§ **THE TASK**:
Leave out the pictures and restate exactly, and only, the lines from the one that contains "Air Transat #" through the final line of the material below.

§ **DATA SHOWN**:
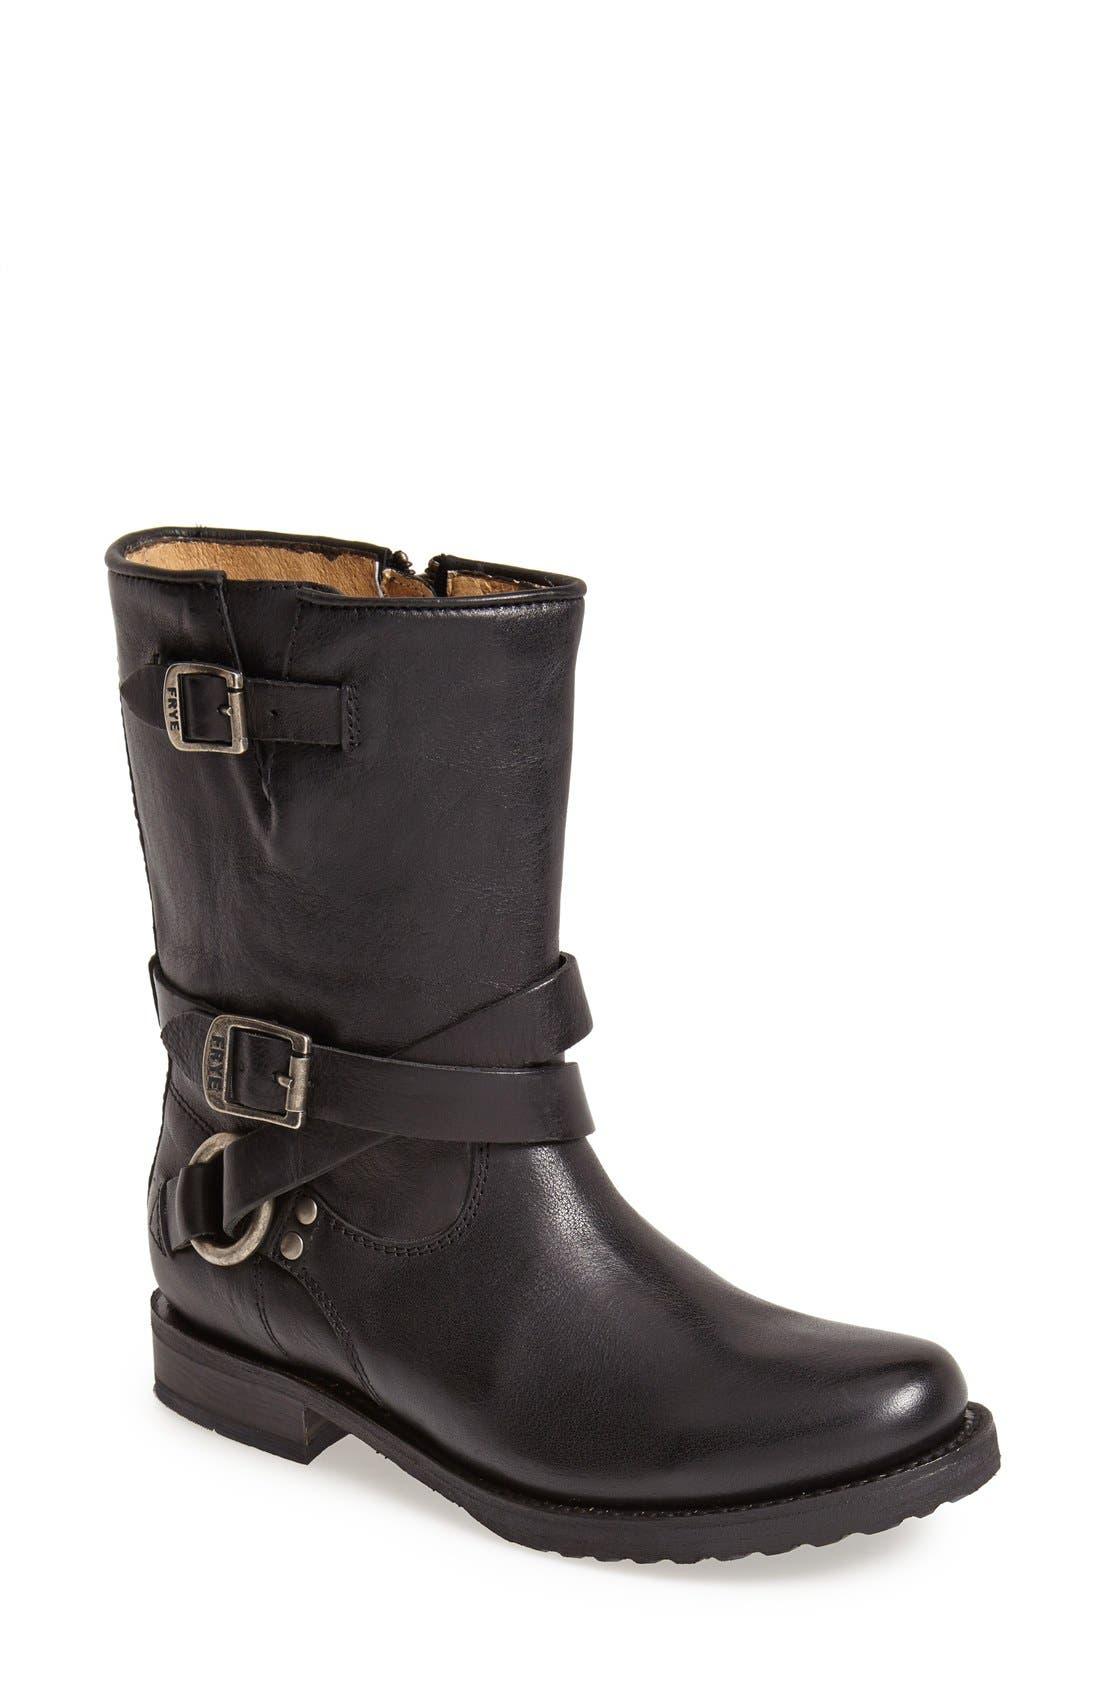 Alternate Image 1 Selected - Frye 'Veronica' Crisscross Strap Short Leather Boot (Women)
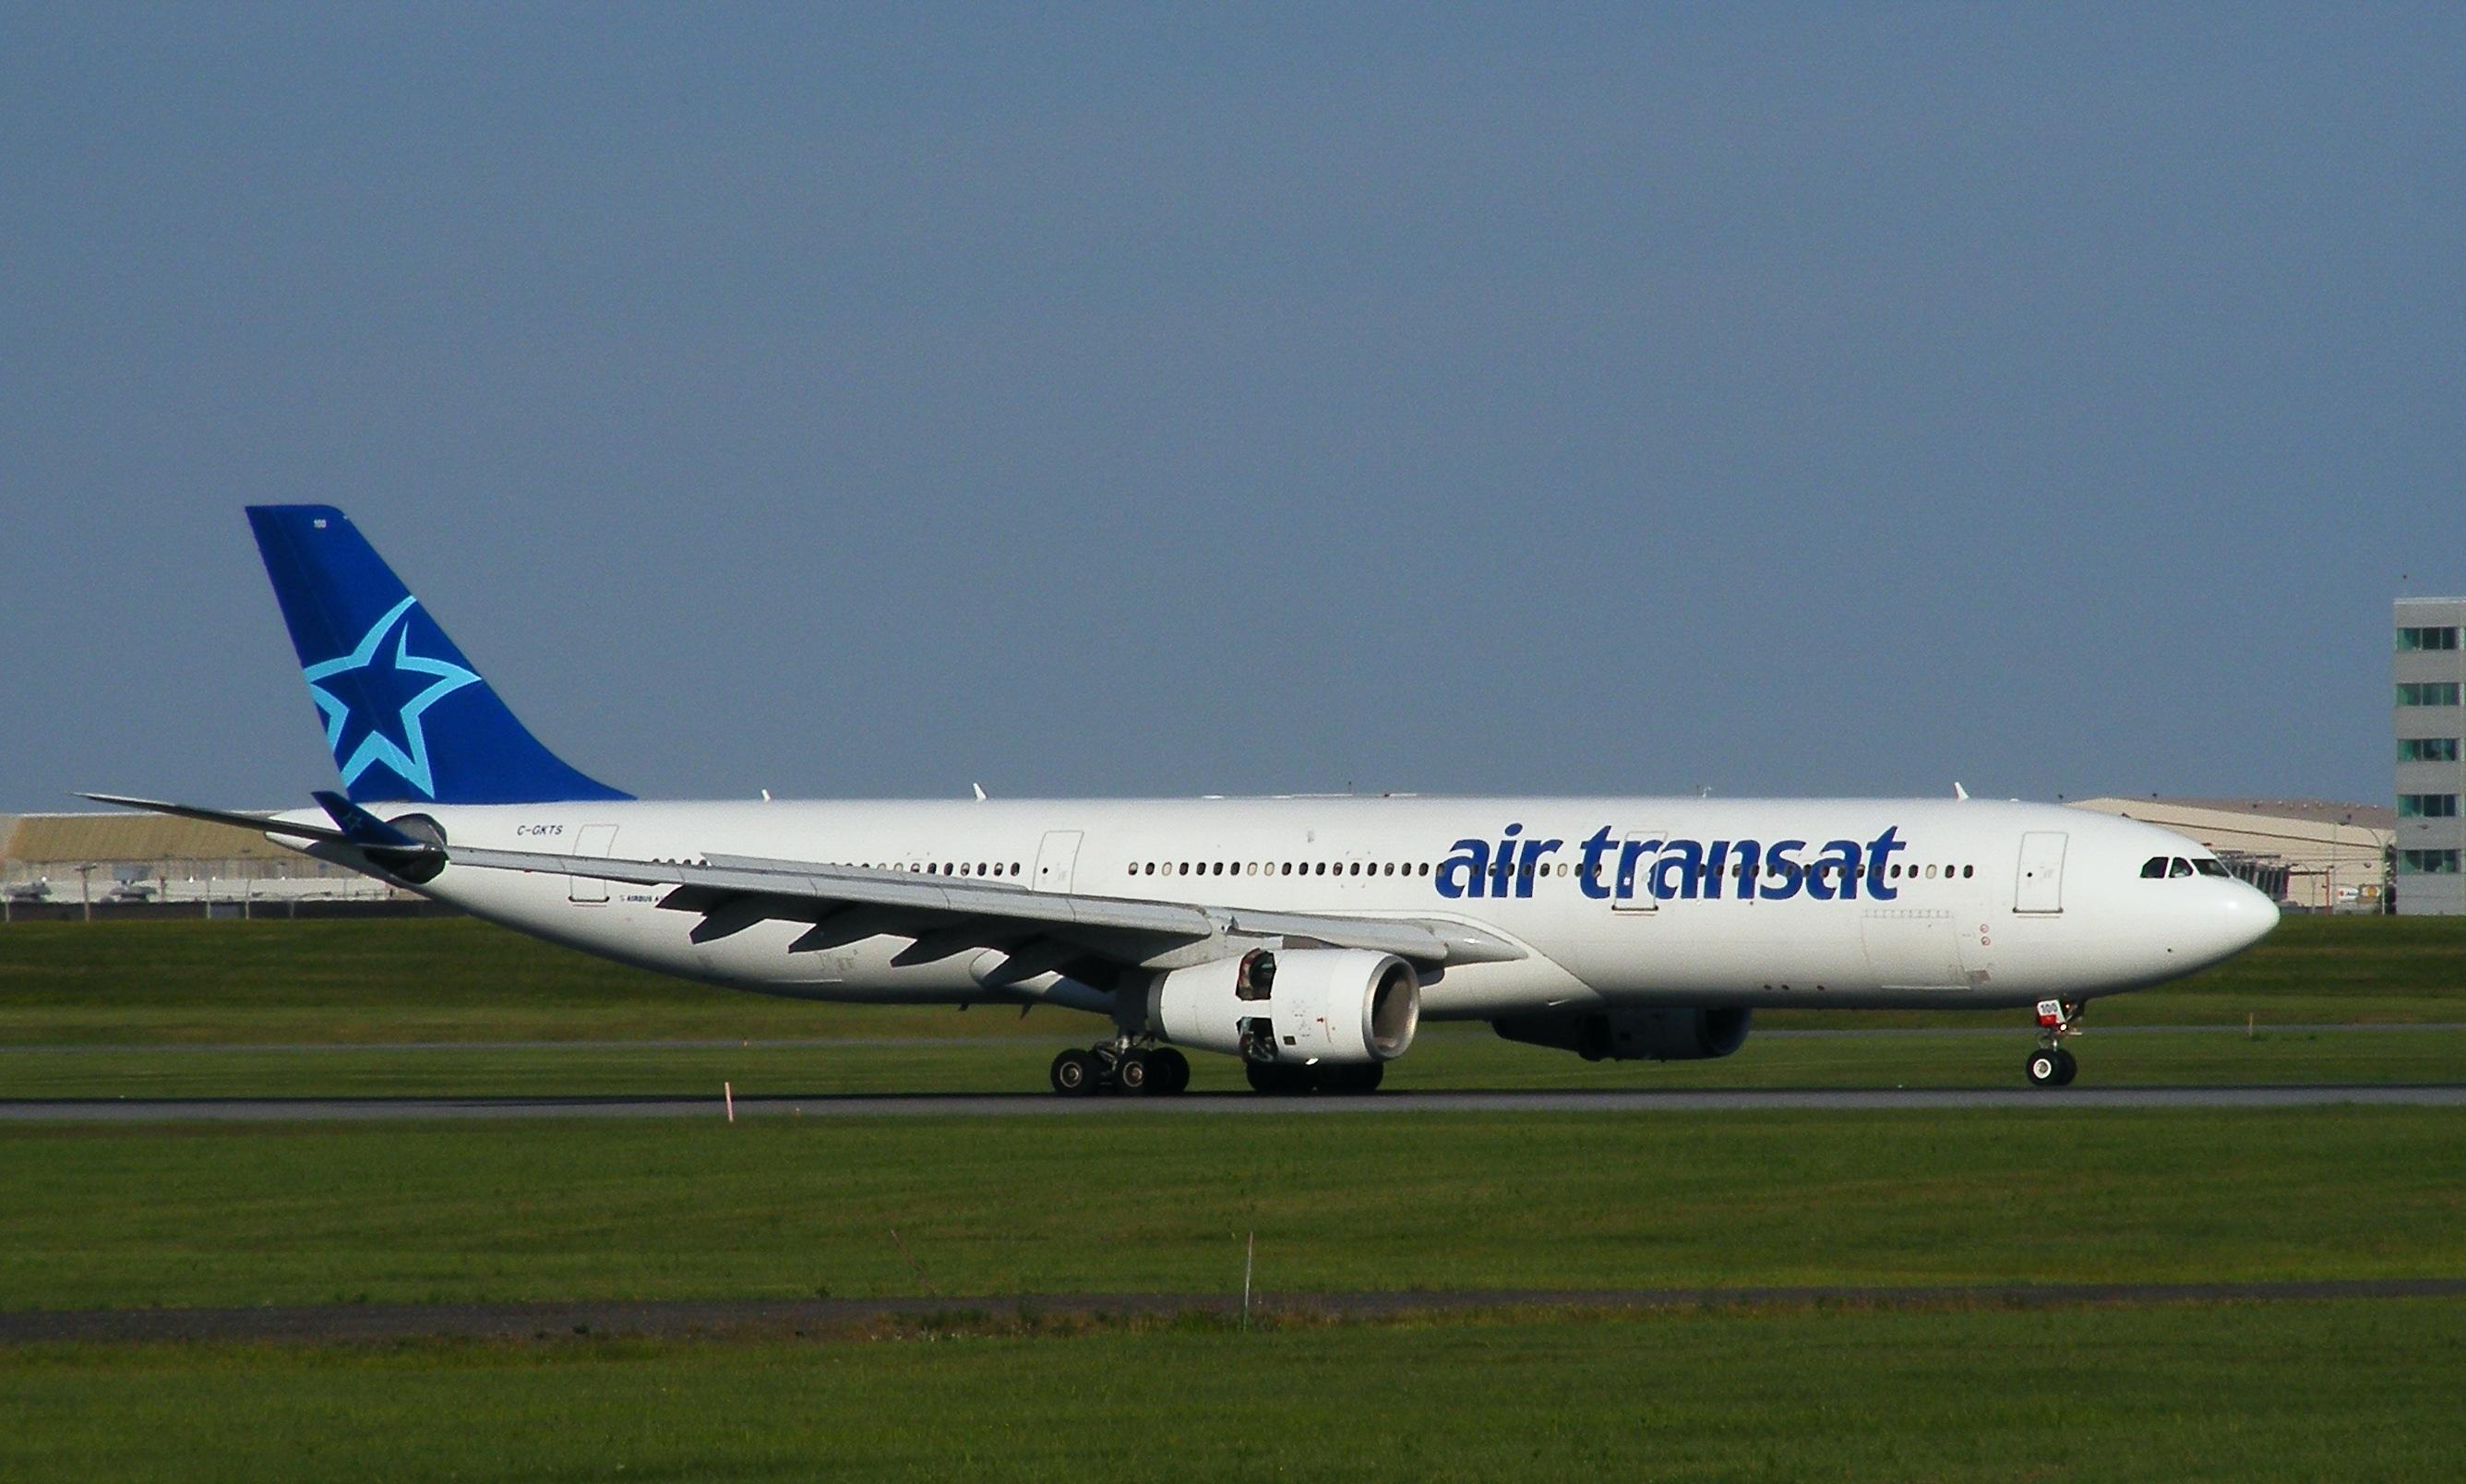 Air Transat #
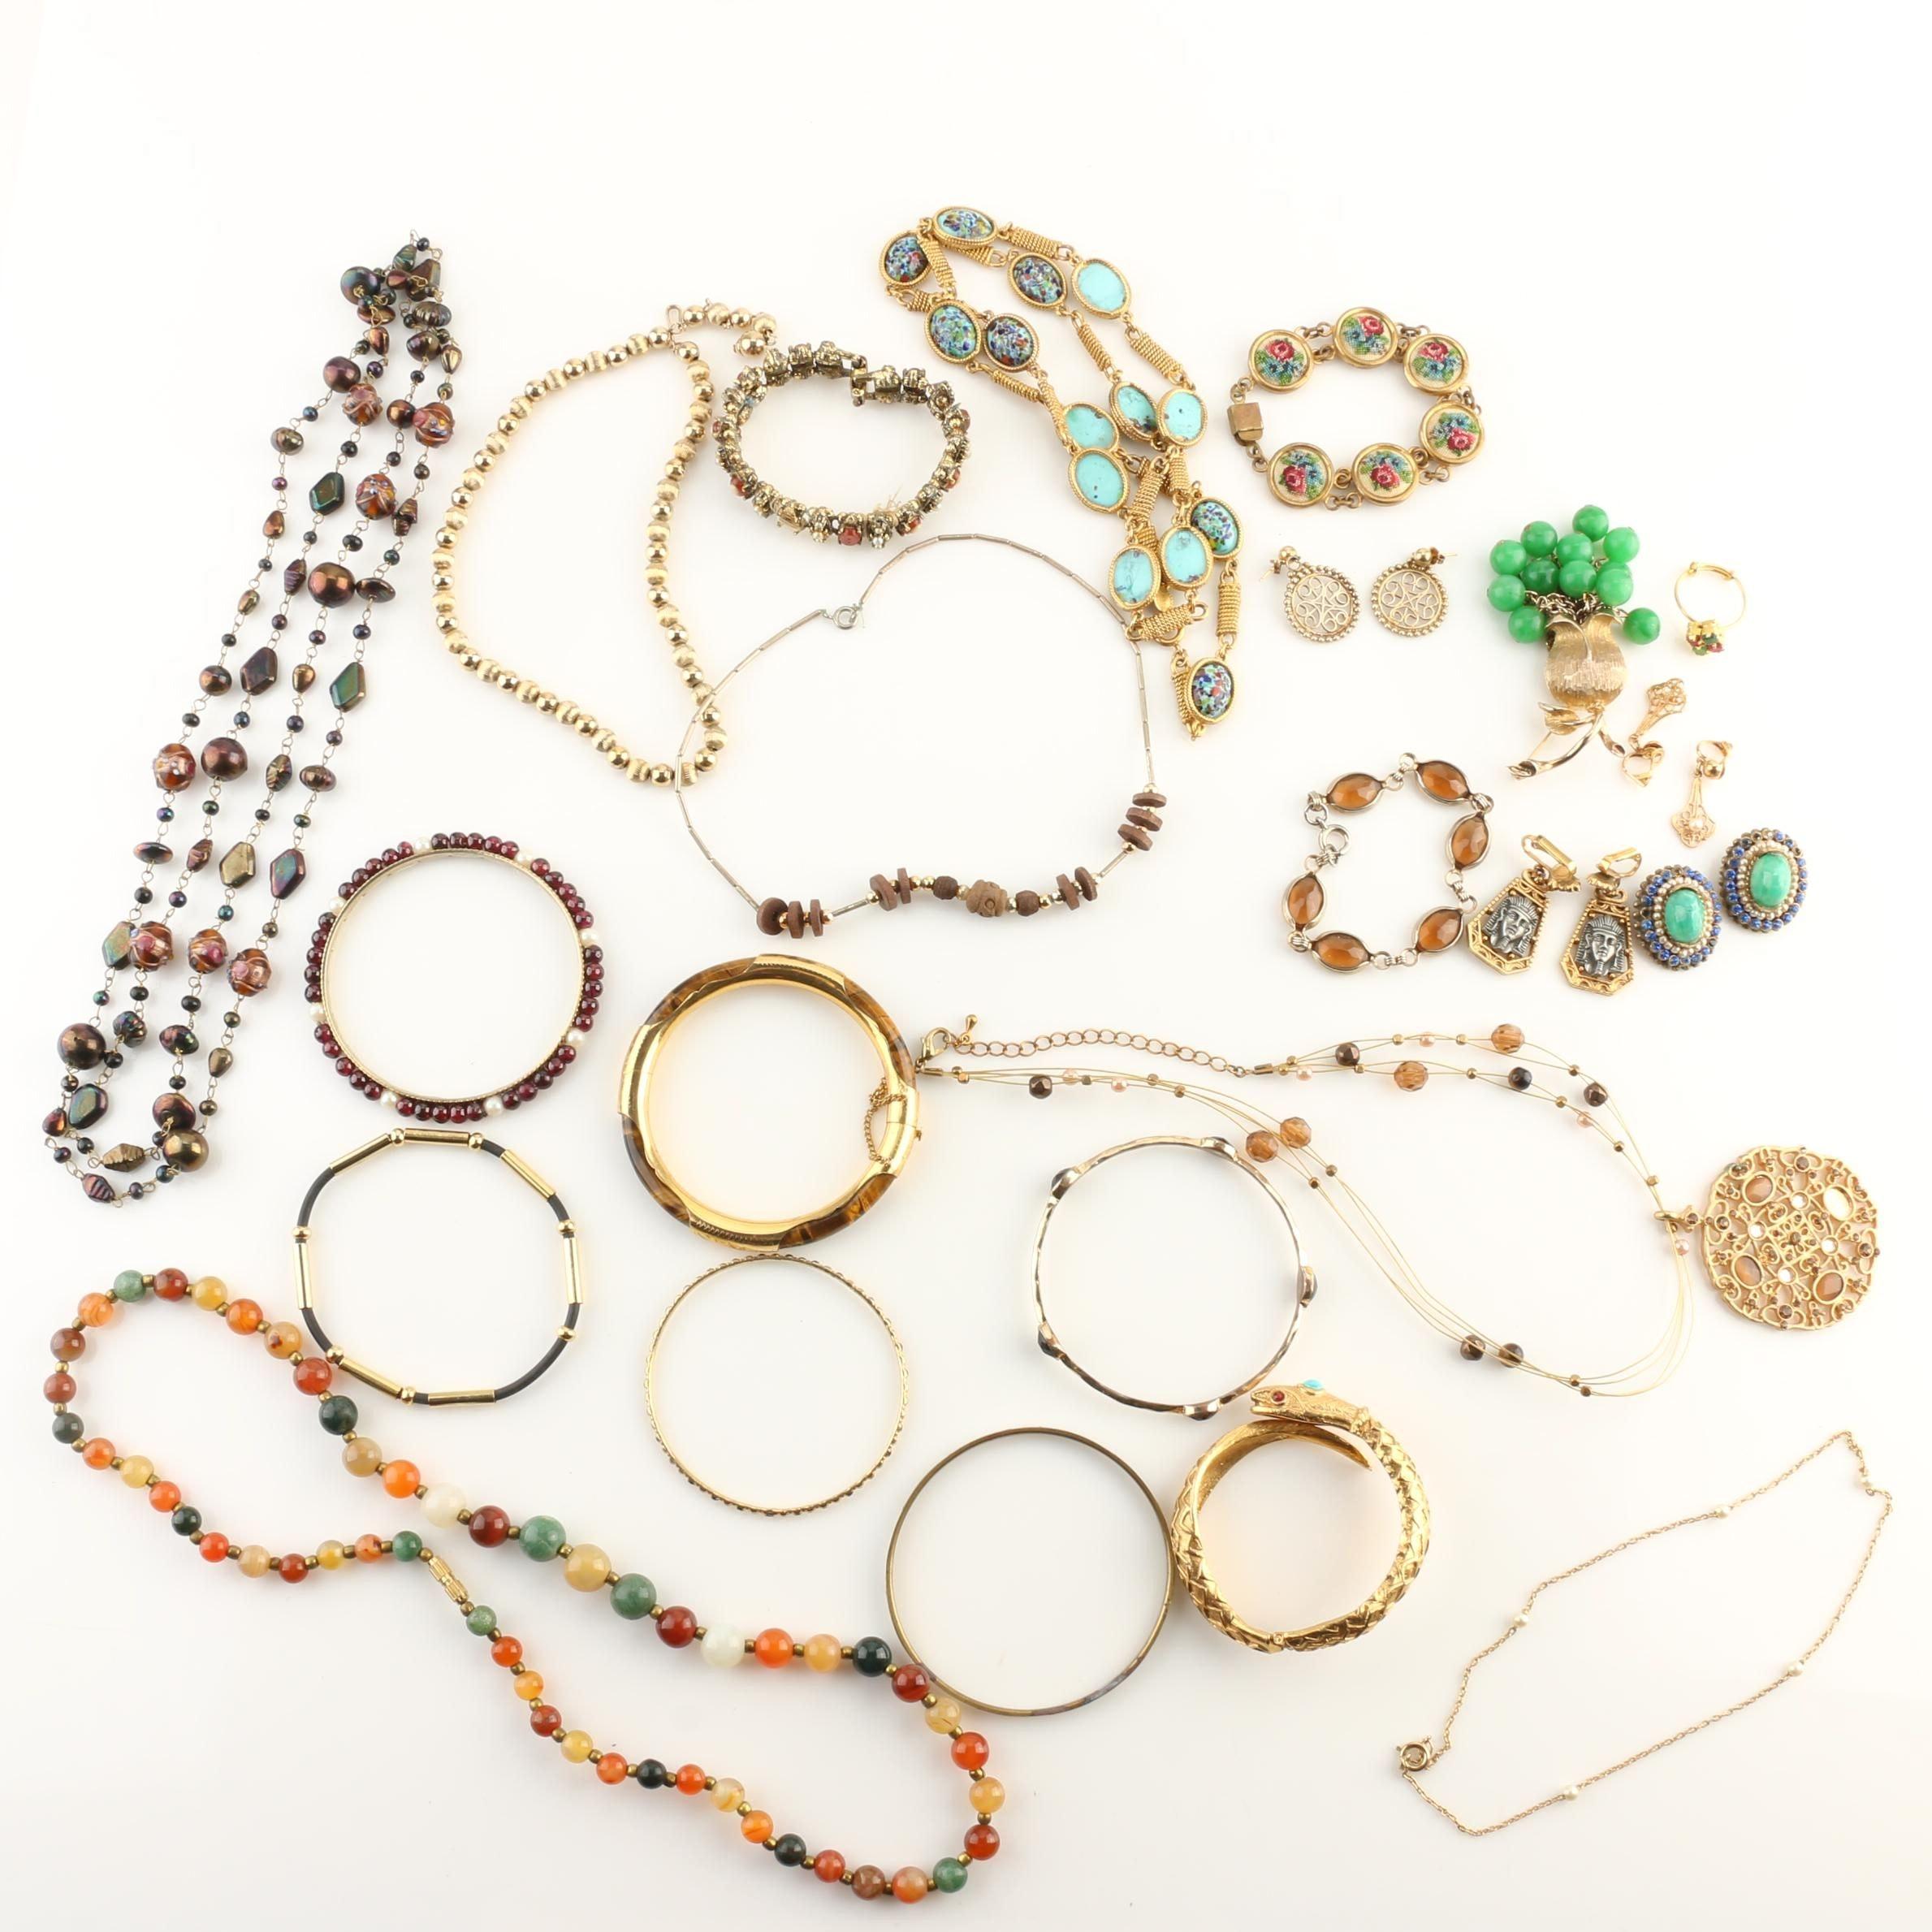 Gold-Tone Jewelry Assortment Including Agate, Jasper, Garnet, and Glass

§ **RESULT OF THIS EXERCISE**:
 Air Transat #
 Gold-Tone Jewelry Assortment Including Agate, Jasper, Garnet, and Glass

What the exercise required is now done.